## What to do
Output the line that contains "Tekken 7 Wallpapers" together with each line after it, through the final line of the listing below, word for word; omit pictures.

## Supplied data
:::
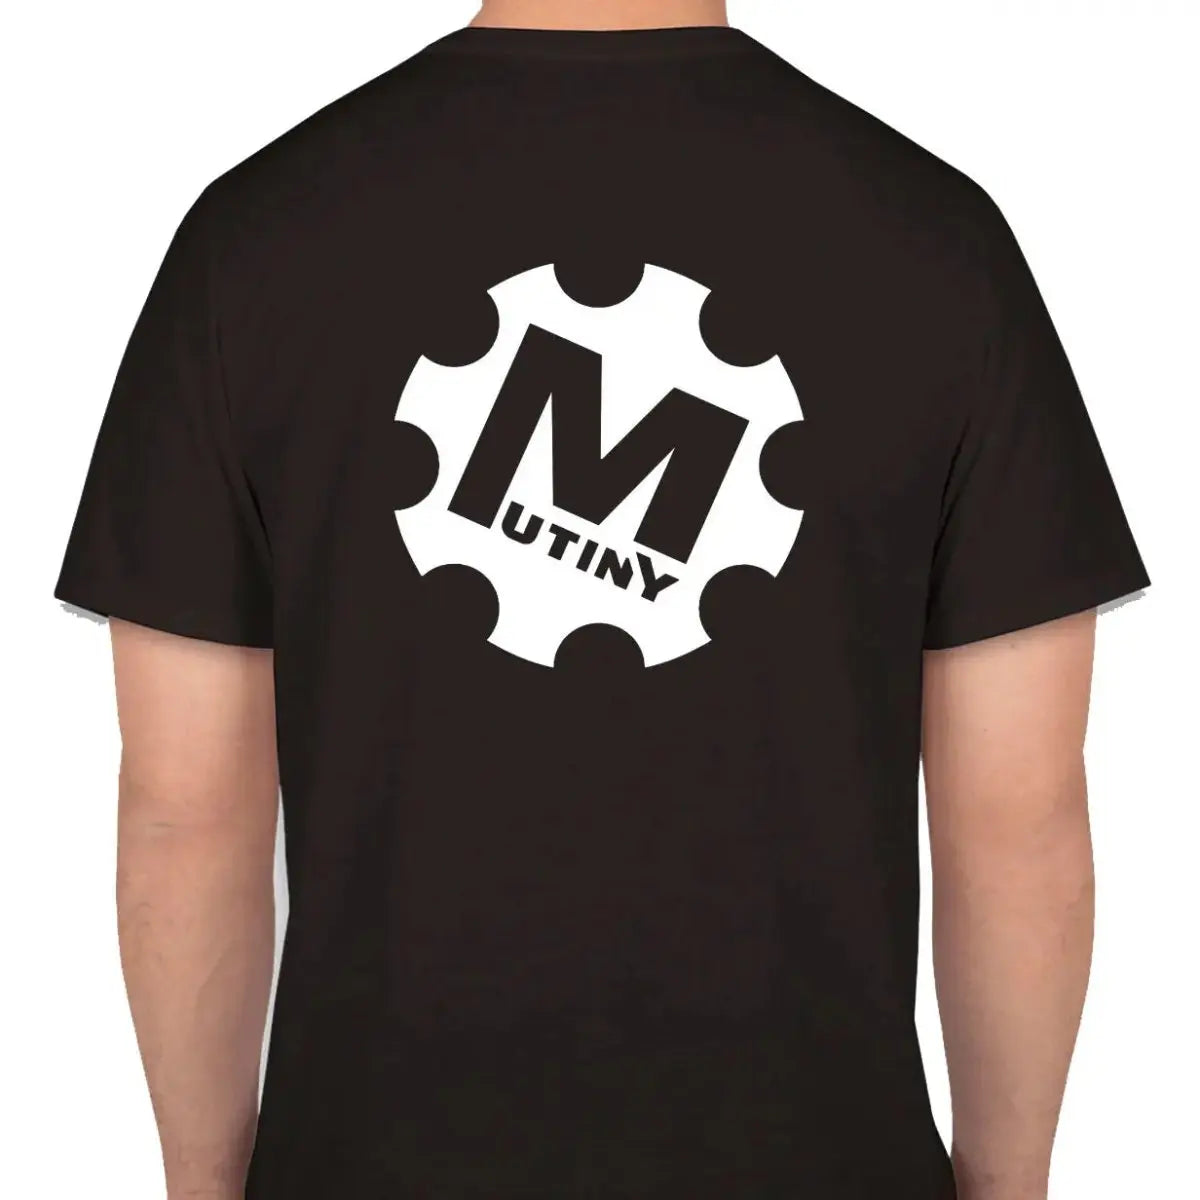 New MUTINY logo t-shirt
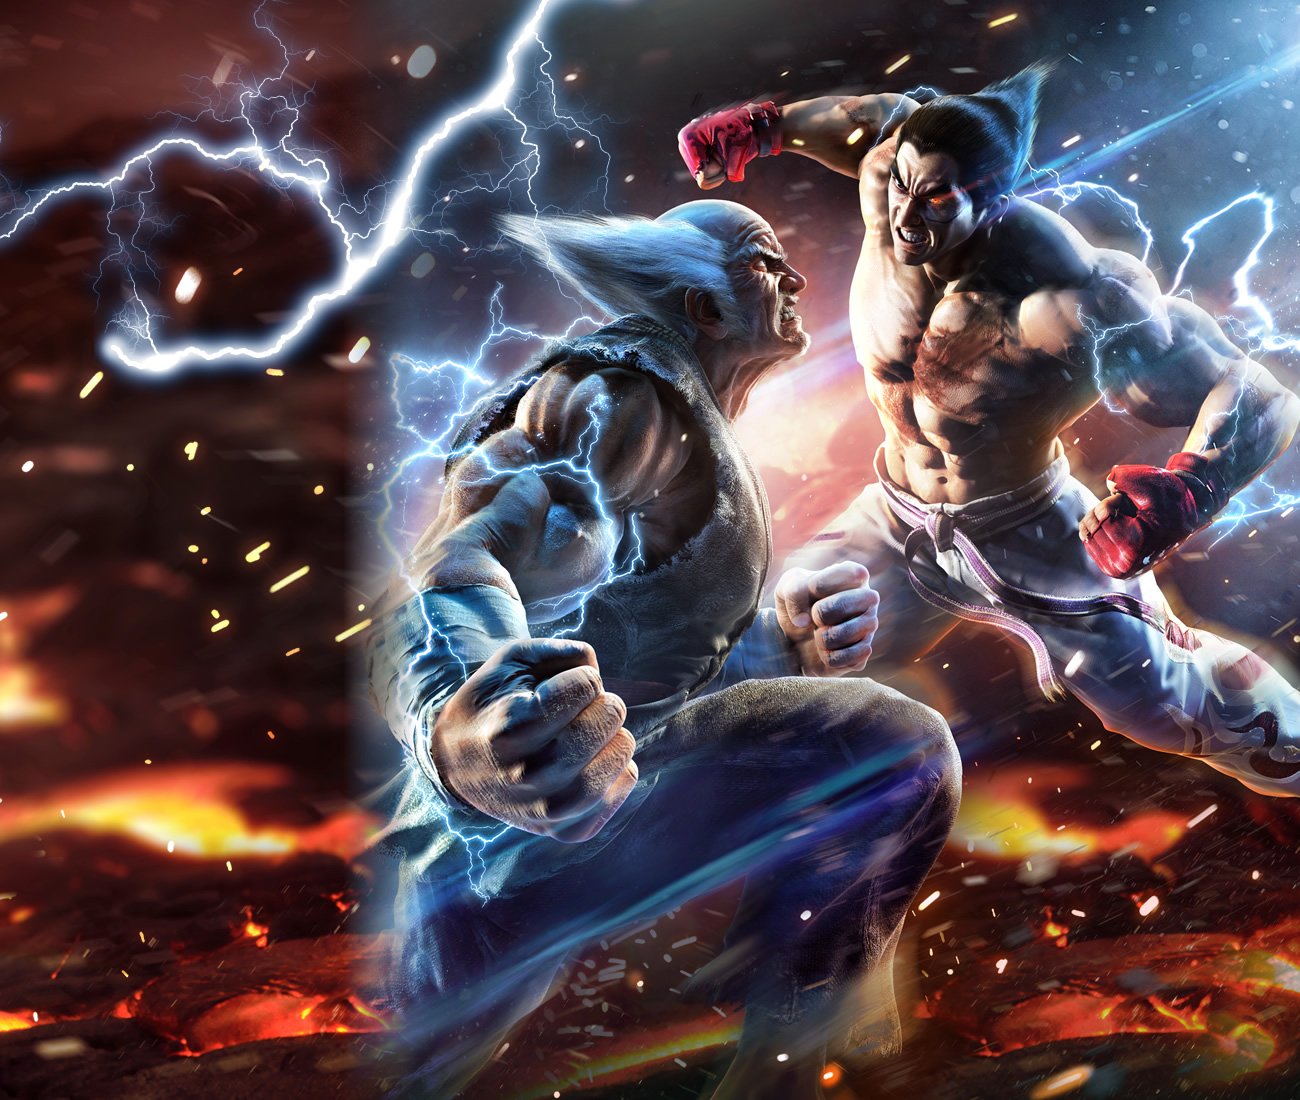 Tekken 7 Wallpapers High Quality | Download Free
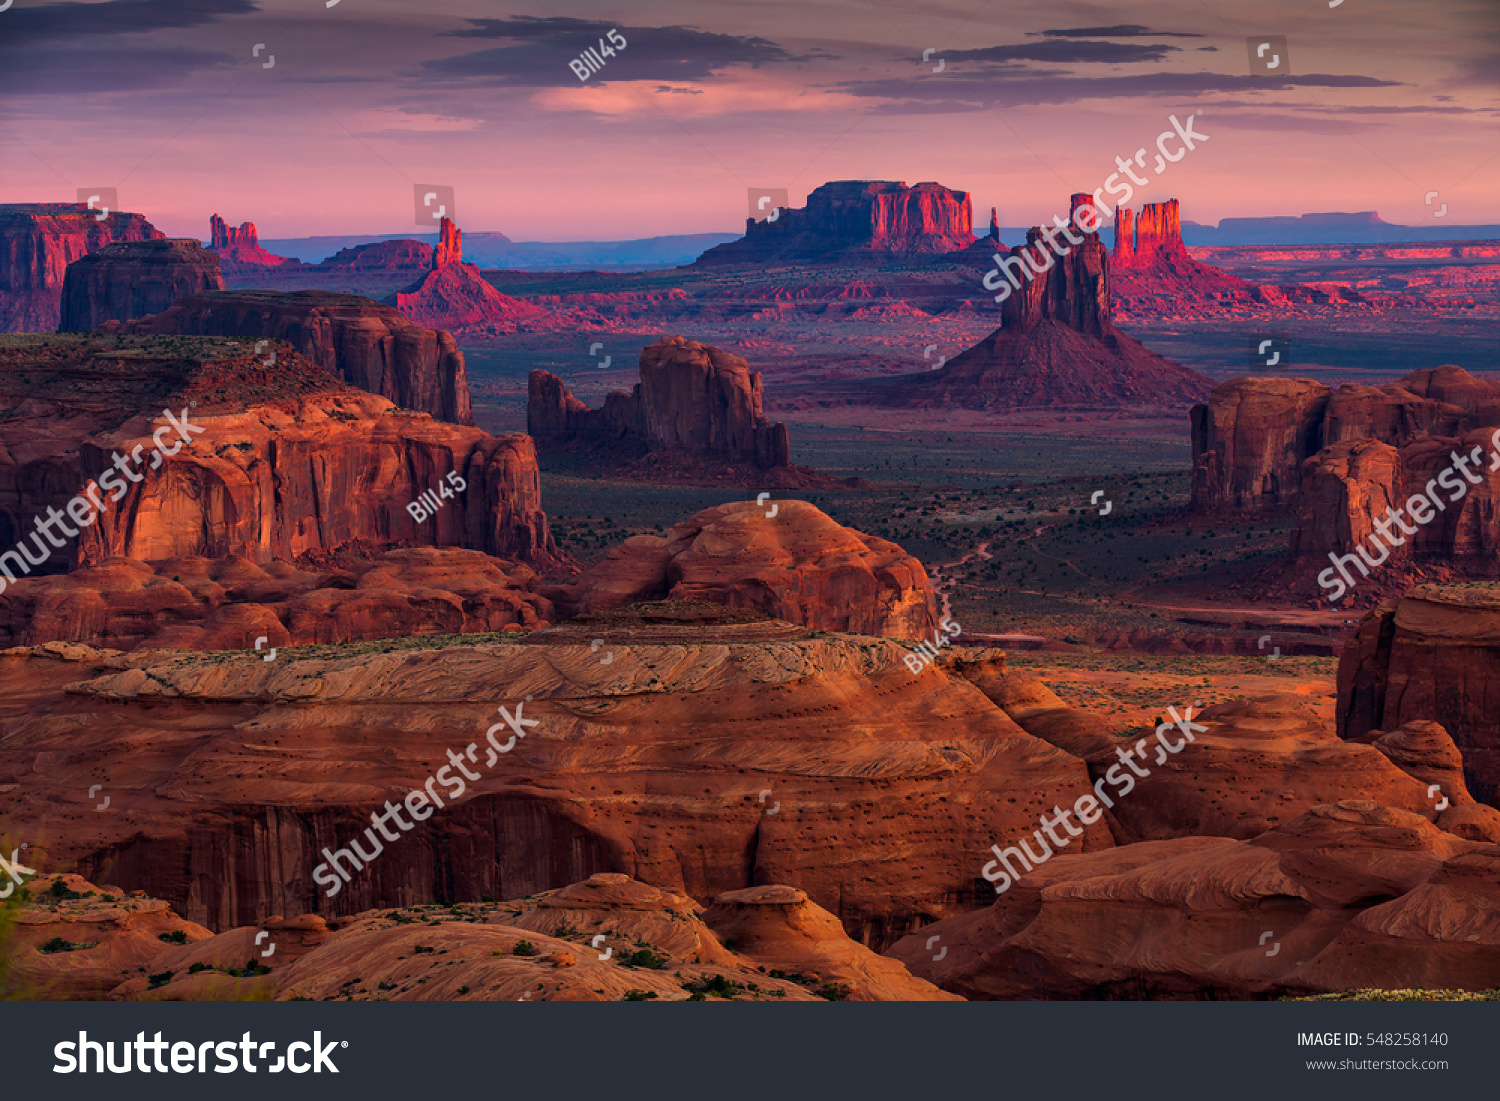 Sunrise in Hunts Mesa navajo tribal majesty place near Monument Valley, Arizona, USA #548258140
:::
## Answer to this task
 Tekken 7 Wallpapers High Quality | Download Free
 Sunrise in Hunts Mesa navajo tribal majesty place near Monument Valley, Arizona, USA #548258140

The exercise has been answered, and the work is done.